9
Do not wage cruel war and call it commerce, do not bleed the world and call it progress, do not grind their bones, to make your bread. And do not yell at your offspring – because they will remember. And every word which my father spoke to me was incised. In a strange way – the arguments that he presented were even deeper than the actions in Currier House. They were more brutal, and delivered with a kind of élan. My father had gridded my brain for destruction, rather than my body.
After he had expended every bit of energy, he lay dormant - quiescent - but not calm. He strode away from the kitchen table where the altercation occurred and left me to stew in my juices. After a long hesitation - my mother came down from their room, and put me quietly into the shower.
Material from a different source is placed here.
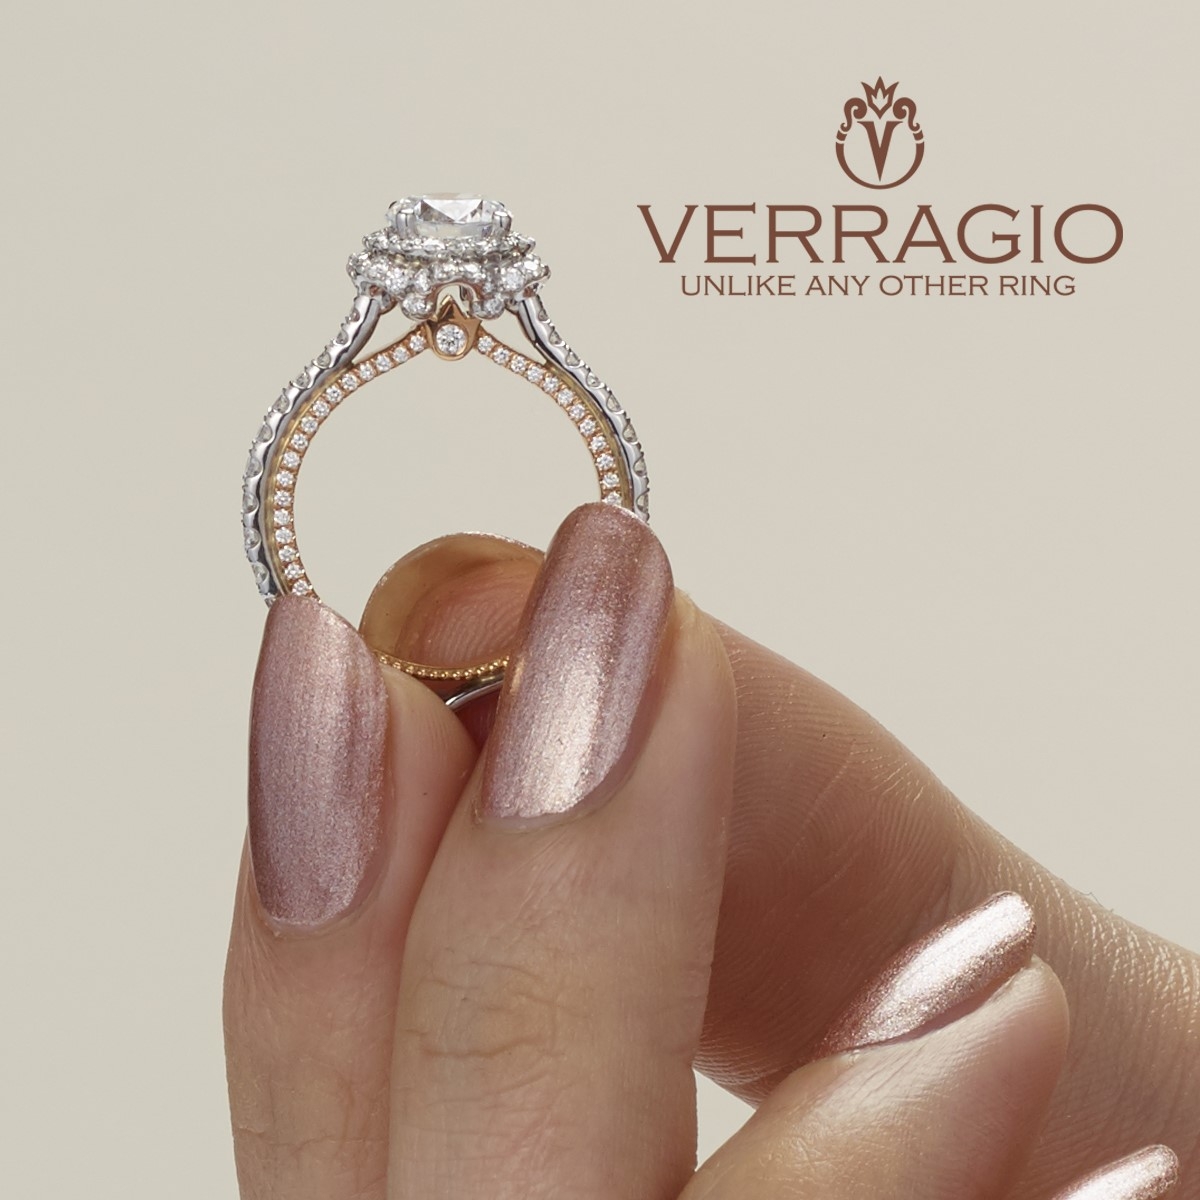 Verragio Couture-0467R-2WR 18 Karat Engagement Ring

I plastered myself with warm water - and looking down saw my thighs shiver - they were recalling the torture, still. My hand was on the wall, and for some minutes did nothing at all. It was an active kind of Nothing - enrapturing destruction, like of Phoenix, I stood up and resolved to begin a new.
Ones in bed - recollecting the events, with cold logic - though I have never heard of hot logic - and decided that whatever tremors and quivers that these events caused - they would quickly be forgotten. This I vowed.
Then to fall asleep - and the last thing that streamed in my brain, was why a doornail should be deadlier than a coffin nail. And then to sleep, that bitter pill of waking was time to slumber.
Suddenly a terror, and I awoke … the lights were on outside and the sky was dark, but through the branches of the trees - there were stars again.
There was a cramping between my thighs, but it was just noticeable. Going back to bed, in a dreamscape Lily was present, and she was talking - but the words out of her mouth were gibberish, though of an ornate kind. Also, her lips are in a different syncopation from the sounds. The was no tactile touch against the skin, even this past in a nightmare. Consciousness did not happen - instead, I heard a grandfather clock chiming. In gabardine, bien sûr.
But, I looked for a timepiece, but all I saw was a wooden one in my imagination. It stopped at a time I knew all so well.
We have no grandfather clock, swirled in gin, within this house. Tock-tick, Tock-tick. Tock-tick. Go forth on gathering and gleeful clicking. Tock-tick.